Isn't that the entire point of this? Requiring a carrier to actually let their customers use the hardware they've purchased?
They do. You can make calls as per the terms of your agreement. After a set period, you can unlock it. I suspect, in the US, having a locked phone is not a big deal, and most people don't even realize their phone is locked. Carriers will often offer to payoff phones to get you to switch, so it's not like you are stuck with one carrier.
If you want to trade I your phone before its paid off and the trade in is more than the payoff, you can pay it off and get the higher trade in value.
Hardware which, if purchased on an installment plan, is already well protected by exactly the same laws which prevent credit card fraud should someone decide they want to buy something and then not pay for it.
Thieves generally do not worry about such laws.
Guess you never travel internationally, do you?
I suspect a very smll percentage travel internationally, and if that is an issue you buy an unlocked phone.
Regardless, if the deal was so bad for Verizon, then I guess Verizon shouldn't have taken the deal, should they?

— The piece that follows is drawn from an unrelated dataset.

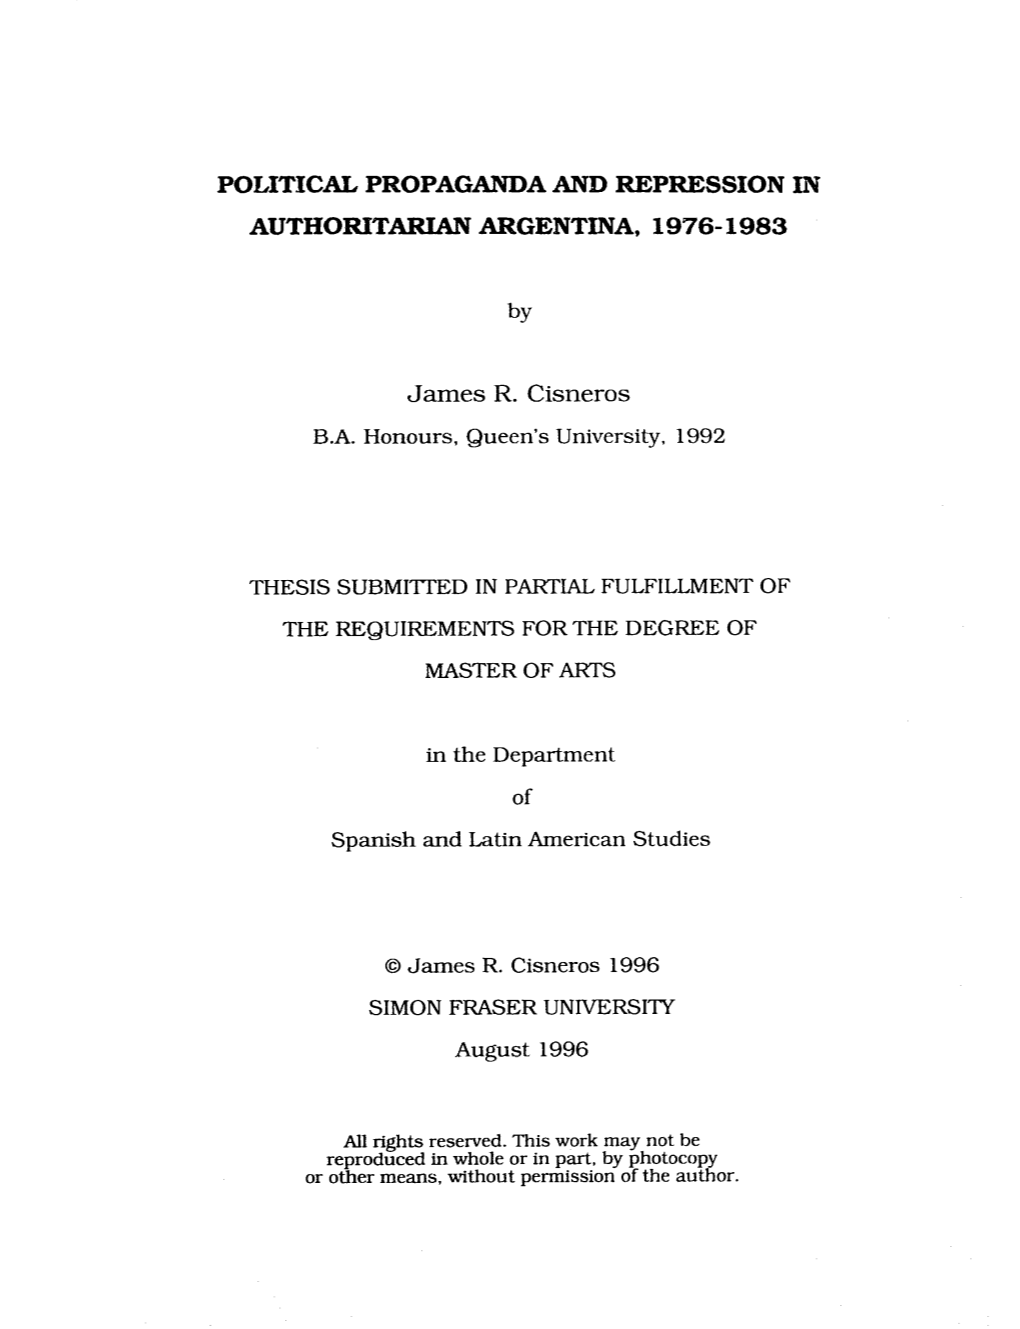 Political Propaganda and Repression in Authoritarian Argentina, 1976-1983

They're free to sell the spectrum if they want out.
But of course it's only individuals that we expect to be responsible and who aren't allowed to ask for a better deal, lest they be seem as "crying and screaming". A 100+ billion dollar company can't possibly be expected to stick with the deals it already agreed to.
I agree, VZW should be forced to stick to the agreement; or stop offering subsidized phones and require you to pay for it in full up front or finance it thorough someone else..

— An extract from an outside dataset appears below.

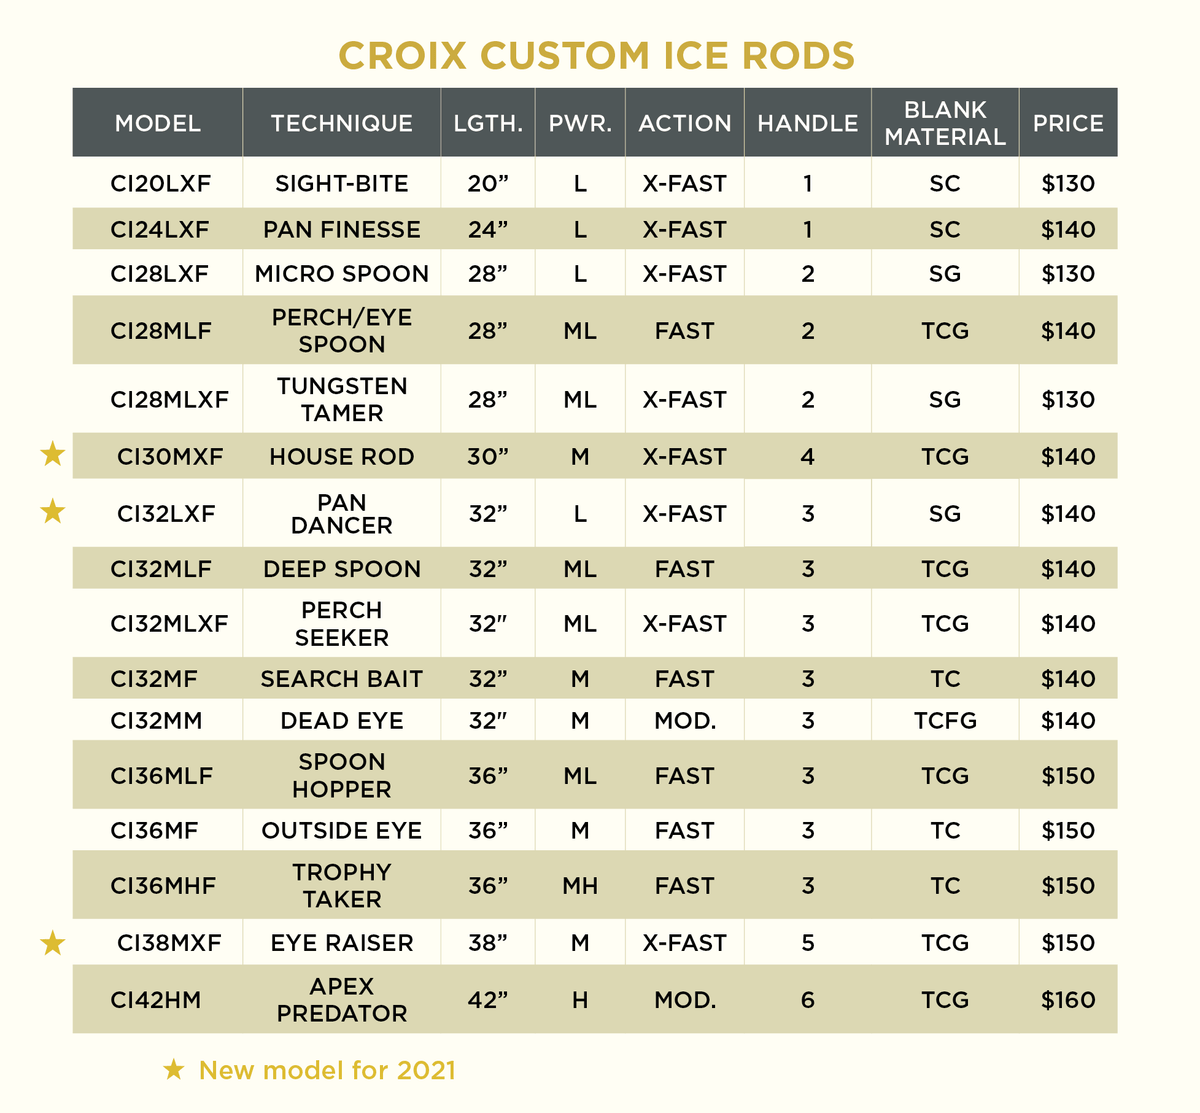 St. Croix Custom Ice Rods - LOTWSHQ

Let's be honest: the US is the only country where this nonsense exists. The rest of the world doesn't lock their phones nor charge the ludicrous monthly fees US carriers impose.

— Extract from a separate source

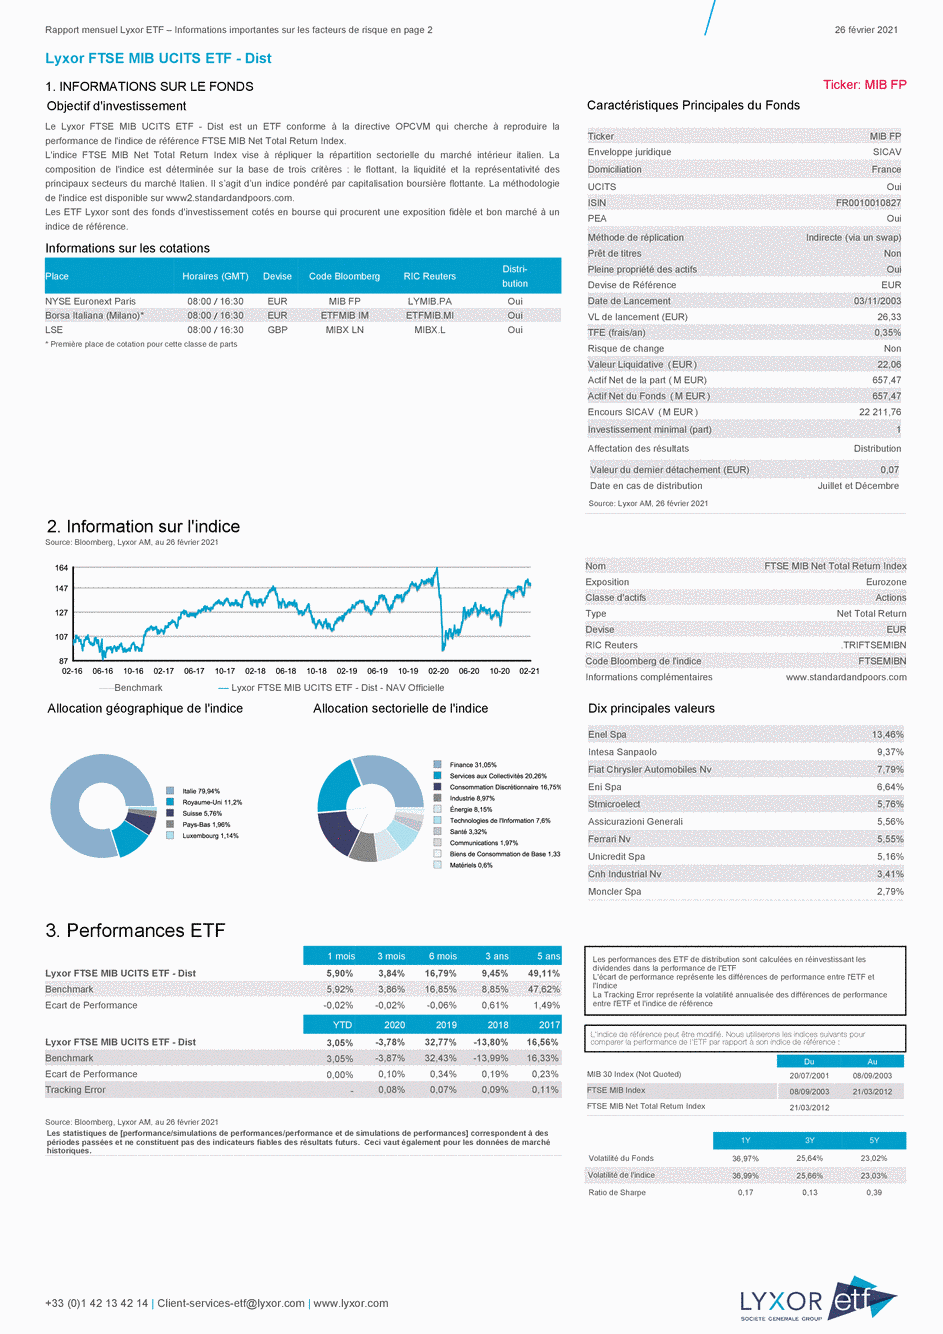 Reporting Lyxor FTSE MIB UCITS ETF - Dist - 26/02/2021 - Français

In most of the world you can't get a subsidized phone either; and there are cheaper non-subsidized plans. Plans vary, and a lot of US plans are stupidly expensive, and the government has added on its own set of fees and taxes.
OTOH, many non-US plans I've seen, such as in Europe, cap data to low levels at the lower tiers, and you can't buy service in Germany and use your phone in say Portugal year round and not get hit with "fair use" terms that start charging you for data yo already paid for; unlike the US where you can get a NY number and use it in CA for teh rest of your life if you wanted at no extra charge. In some cases, things like hotspots won't work outside of the country where yo have service.
Bottom line is services evolved differently based on the business climate and are not better or worse, just different with their own pros and cons.
Here’s an example. Of course, Apple sneakily words it as a discount instead of a fee.
Thatis actually a fee the carrier charges; and charge you if you activate a phone at their store as well. Apple simply negotiated not charging the fee, so you won't see it on your next bill. I've always called to get it taken off and never had them say no.